I'm not sure if "implemented" means you implemented your code for it, or you implemented the entire compiler. :)
I originally wanted use Copperhead and got in contact with the developer a year ago, but it was too early even for "private" beta testing, so I never got access to their code. Also, my compiler is specialized on image processing, so probably Copperhead wouldn't have worked, anyway. I'm only jealous of Copperhead's type inferencer. :) But then again, I have to get finished with my thesis and a type inferencer wouldn't help with that goal. ;)
Basically, if you are doing any work that requires heavy numerical processing, Cython is the way to go. On the other hand, I was playing with it to do some basic text processing and the improvements were negligible.
As far as text processing is concerned, it seems like the python code is just a nice interface to the underlying compiled library and hence there isn't much difference.
"Shed Skin is an experimental Python-to-C++ compiler designed to speed up the execution of computation-intensive Python programs. It converts programs written in a static subset of Python to C++. The C++ code can be compiled to executable code, which can be run either as a standalone program or as an extension module easily imported and used in a regular Python program."
I feel that PyPy and Cython alleviate that fear.
The ability to transition parts of one's code base to C/C++/ASM through CPython's excellent library makes using python from day one such an easy decision. It is even easier as there is a library ecosystem that makes the transition even easier.

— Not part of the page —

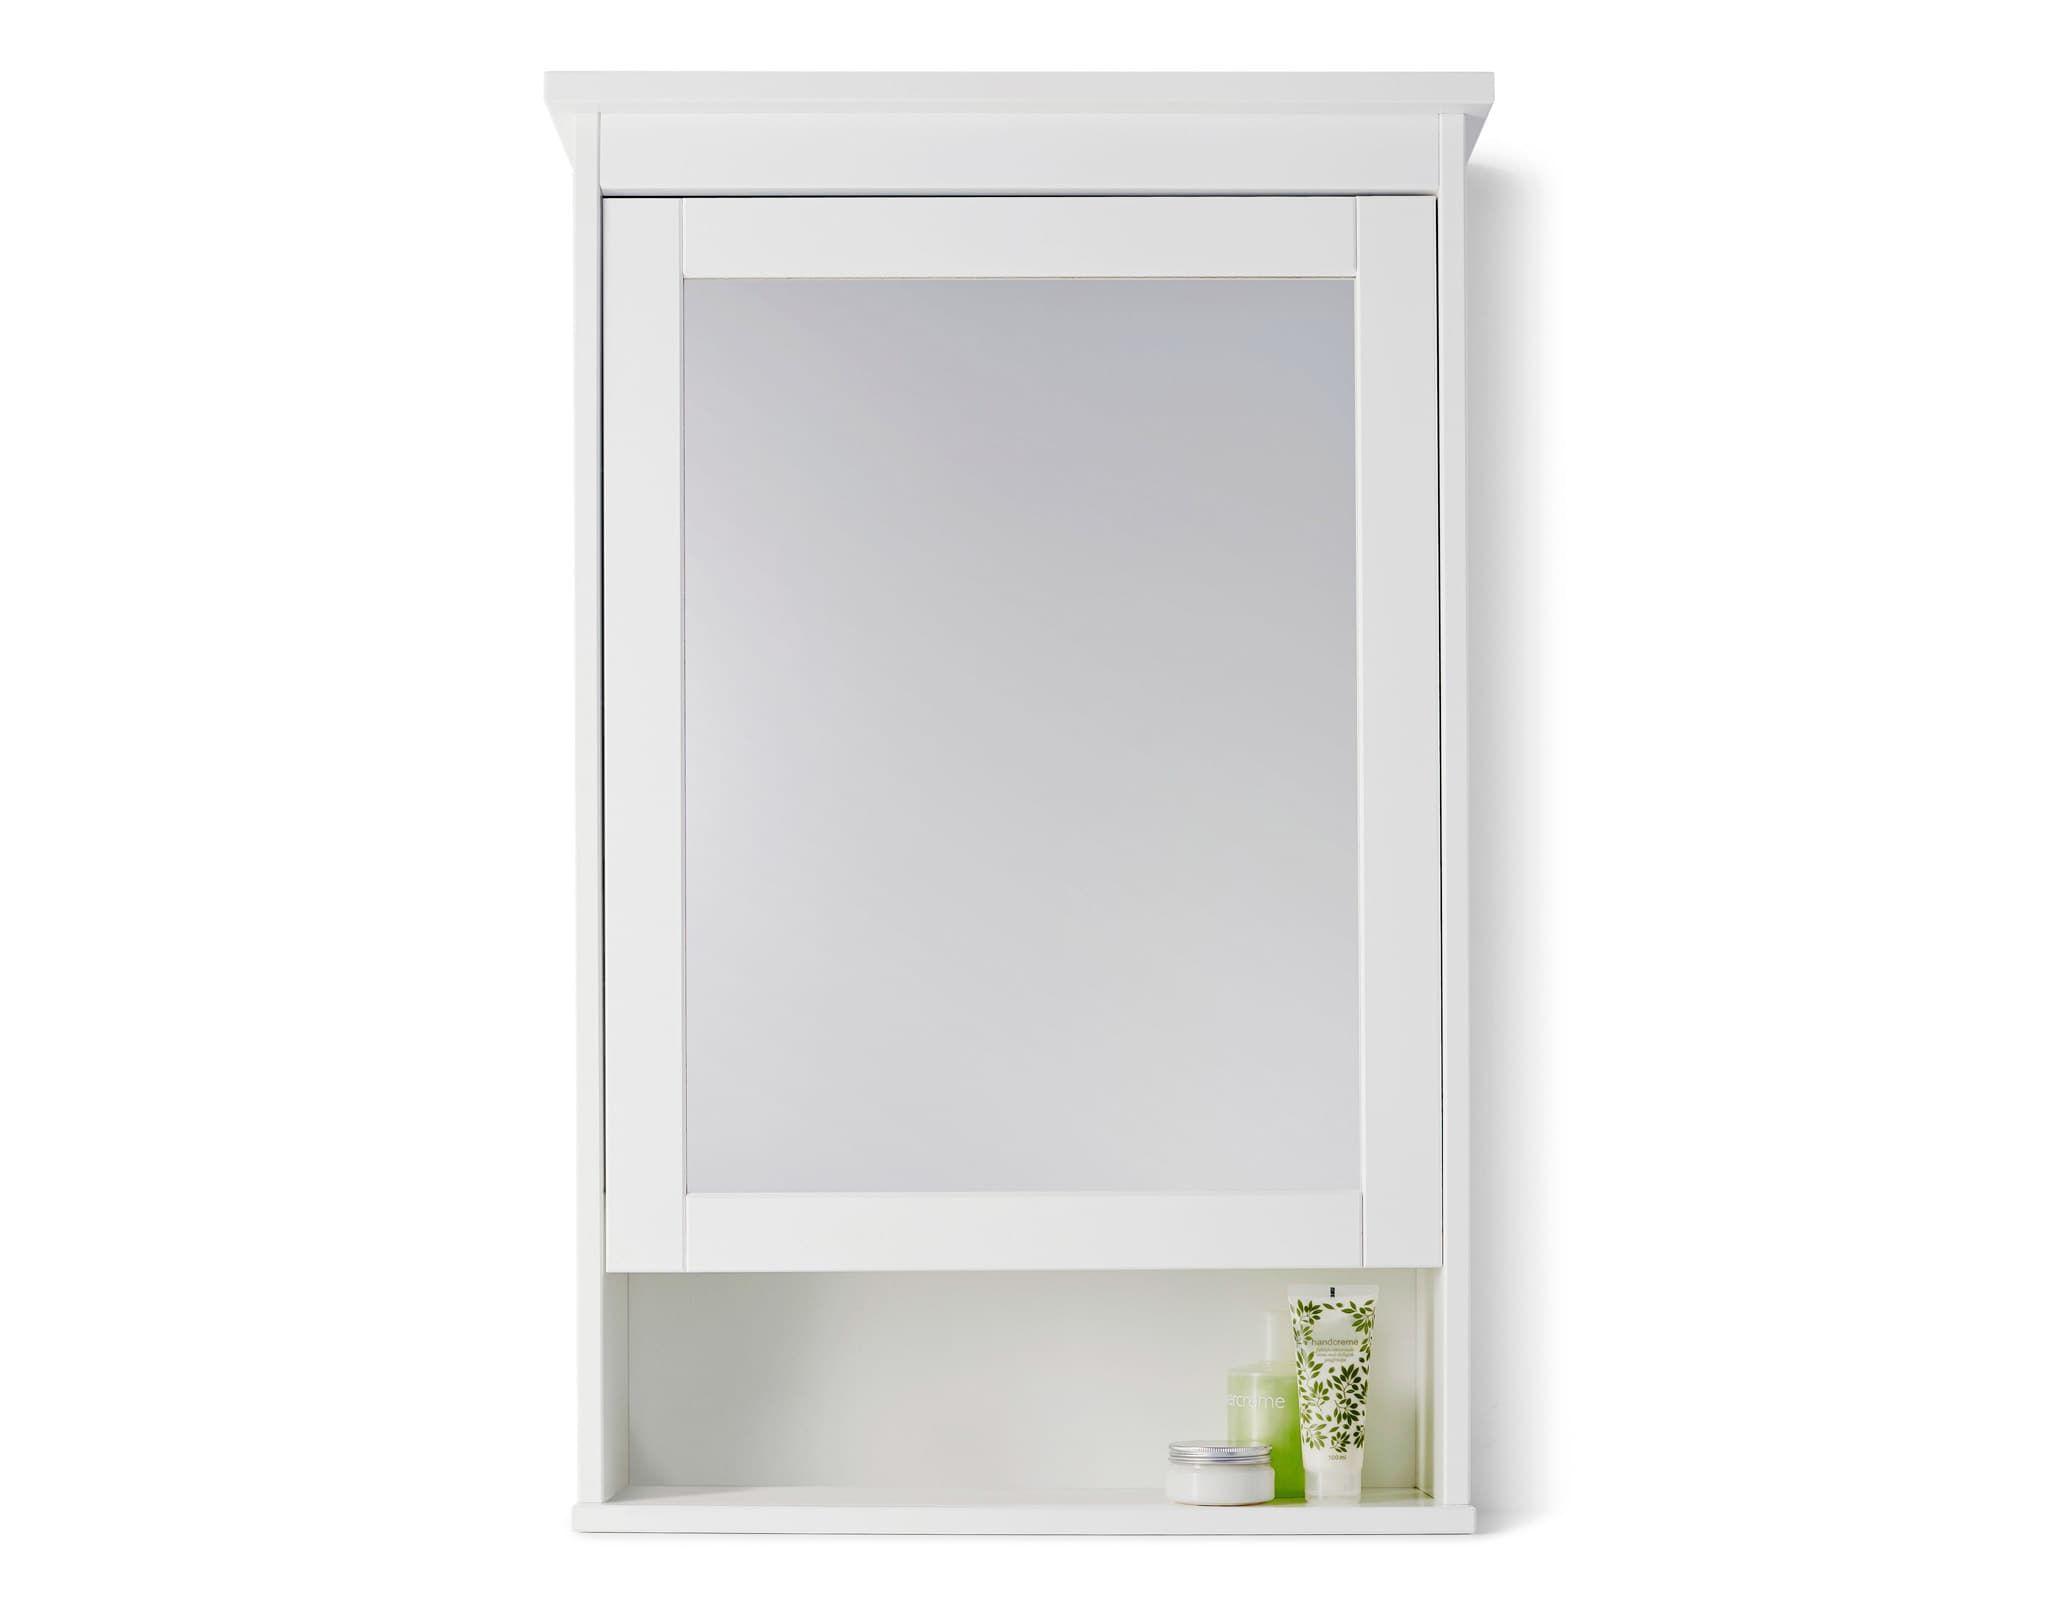 Spiegelschrank Badezimmer Mit Bildern Badspiegel Mit Regal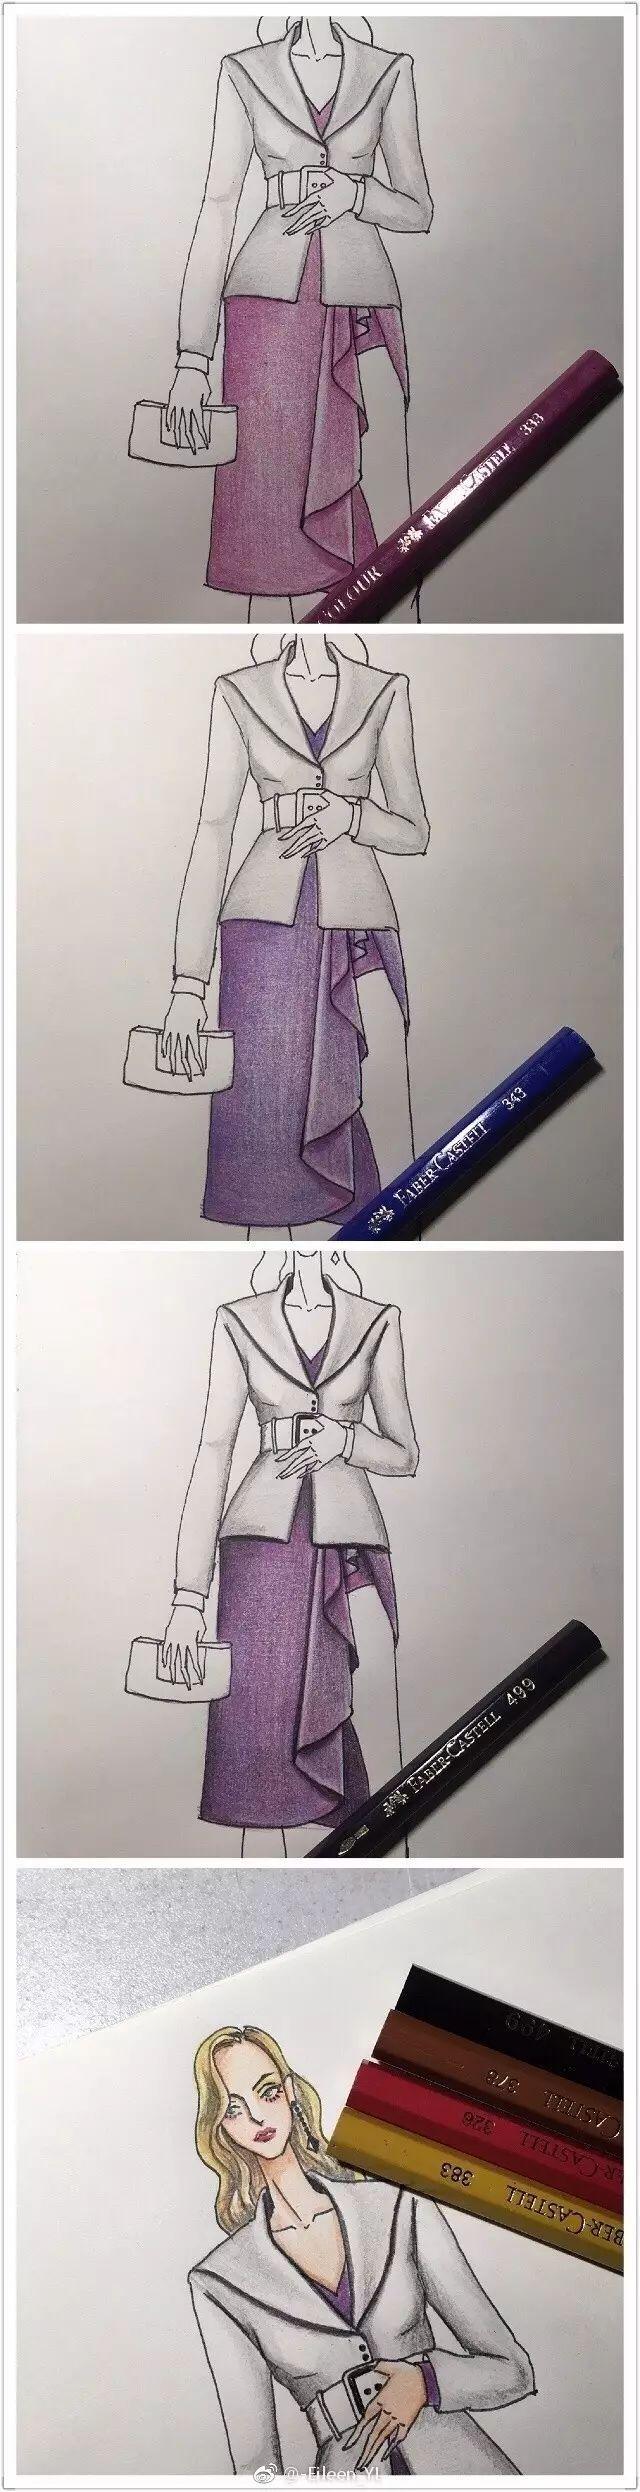 超详细彩铅手绘服饰教程!不能错过!-服装时尚资讯--网

Quick googling only found one comparison: http://jaredforsyth.com/blog/2010/jul/21/cpython-vs-pypy-vs-...
The routines he benchmarked are simple string tokenizing, though, so I'm not really surprised the translated-to-C version came in so much faster.
And it's easy to wrap C libraries in Go. See http://code.google.com/p/gosqlite/source/browse/sqlite/sqlit... for an example of a Go Sqlite binding in < 300 lines.
Implement some navigation, and it's perfect.
I'm unable to come up with a project of my own which can use Cython, but I'm curious enough to try it on an open source project if it benefits developers.
I would disagree. Cython is less known and has a learning curve. CPython extension interface is well established and more common. That is not an insignificant advantage.
Do you stop for a couple weeks to learn Cython, and do you have complete confidence in its generated code, or do you just start using something you know and is tried and true? It depends. We chose C Python extensions or just writing hotspots in C in a separate process.
The problem of C python extensions is that it is so hard to write correctly because of reference counting.
Some types of array addressing will take the slower---but still correct---invocation path through Python, but the common form is compiled to direct (albeit strided) array access.